Data extract: Begin

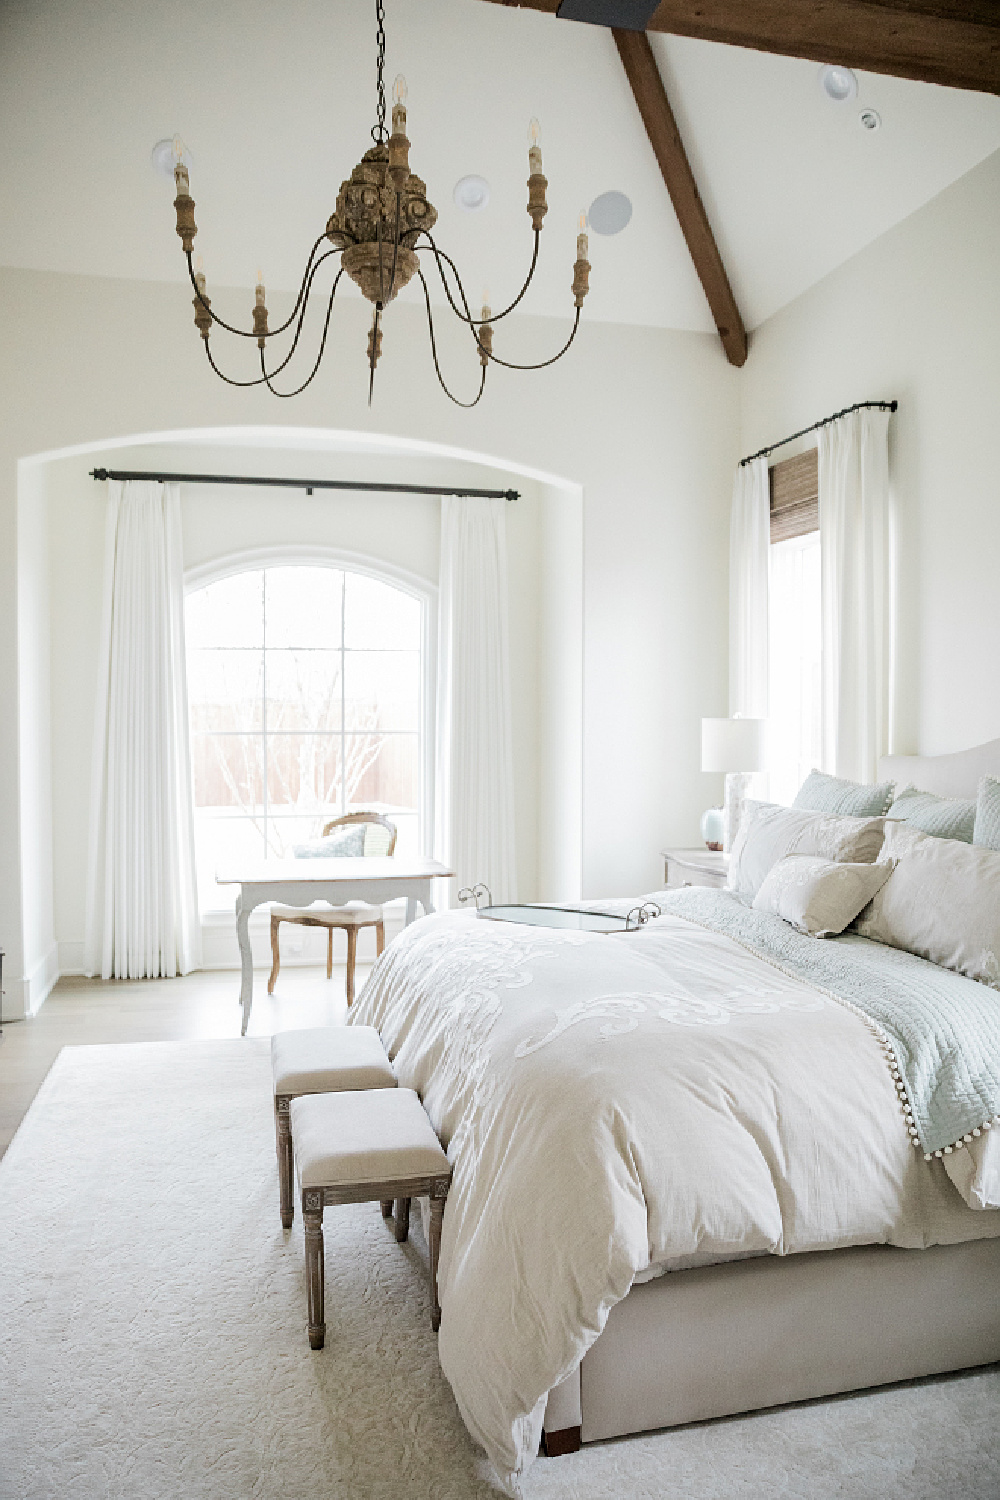 Airy, lofty, and elegant French country farmhouse bedroom with arches, desk, and bench. Brit Jones Design.
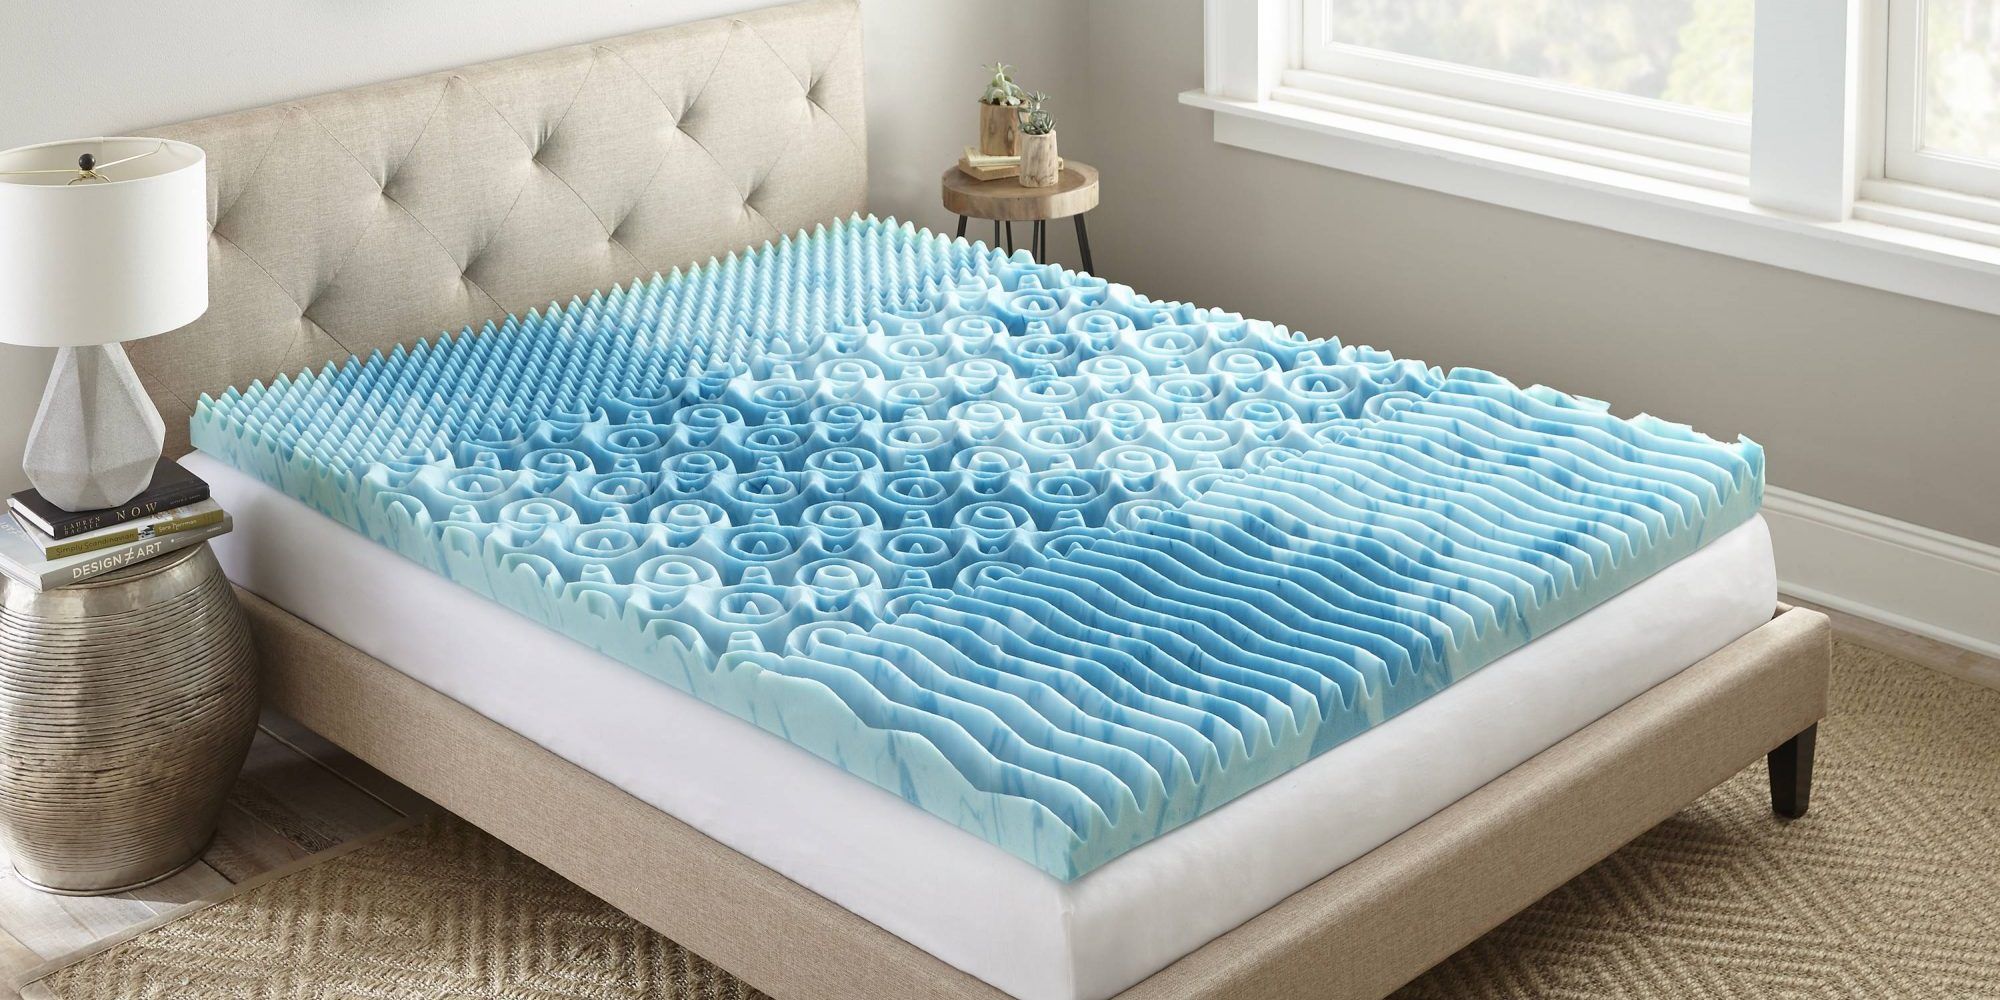 will a mattress topper help with back pain
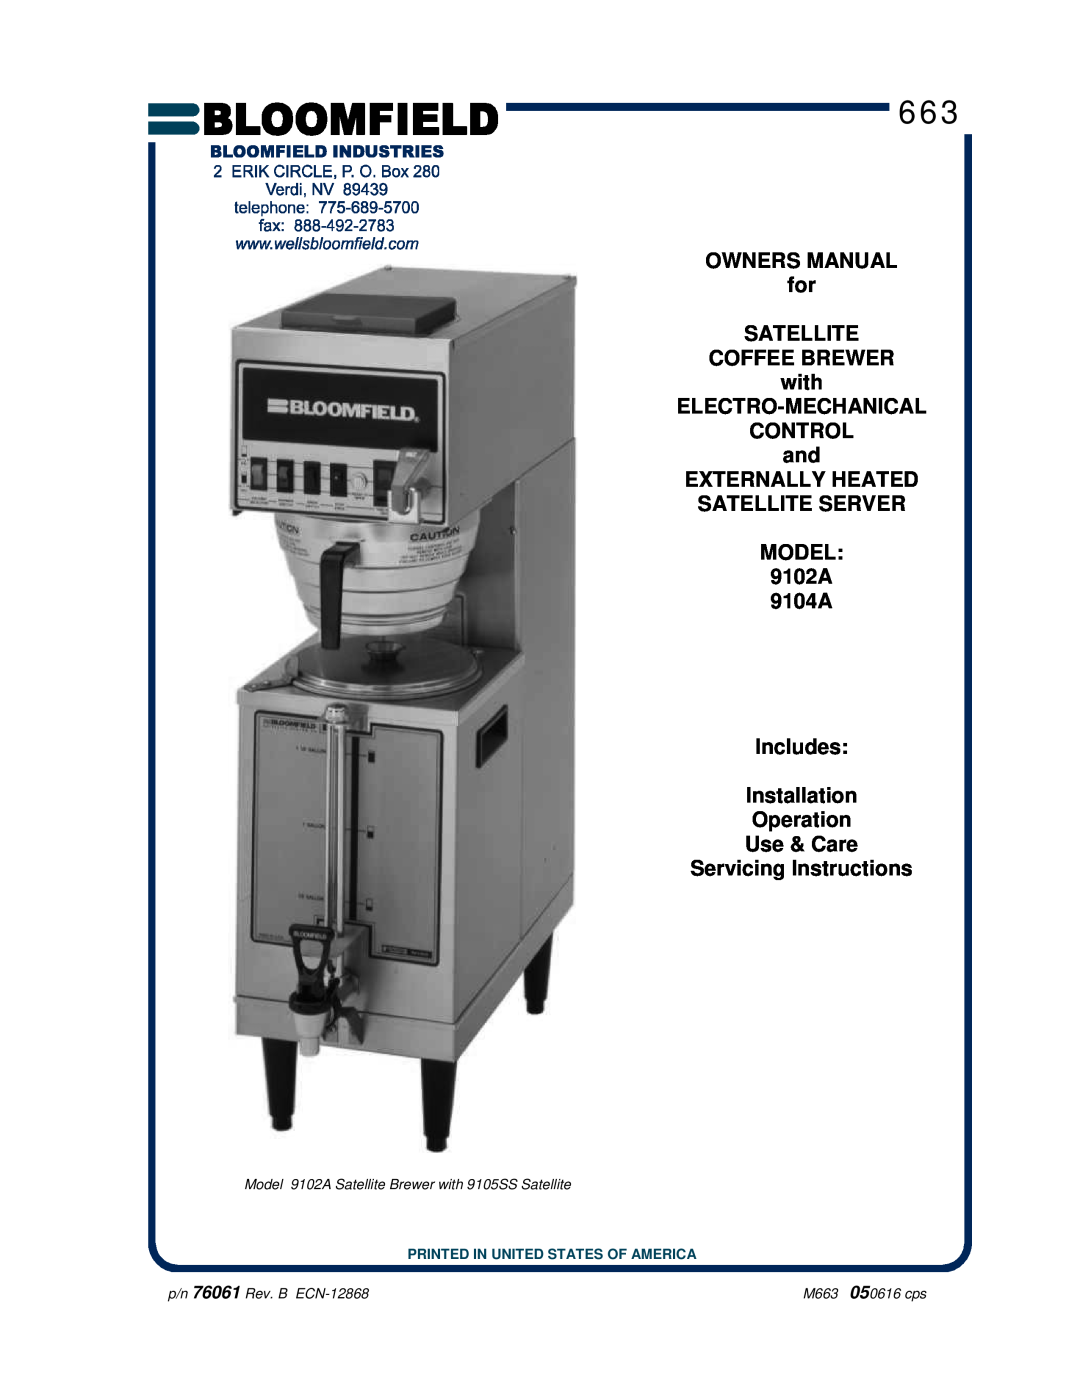 Bloomfield owner manual CONTROL and EXTERNALLY HEATED SATELLITE SERVER MODEL 9102A 9104A, p/n 76061 Rev. B ECN-12868

Data extract: End

_What the task requires_
Print the whole listing above once more, word for word, without its pictures.

_Answer area_
 Airy, lofty, and elegant French country farmhouse bedroom with arches, desk, and bench. Brit Jones Design.
 will a mattress topper help with back pain
 Bloomfield owner manual CONTROL and EXTERNALLY HEATED SATELLITE SERVER MODEL 9102A 9104A, p/n 76061 Rev. B ECN-12868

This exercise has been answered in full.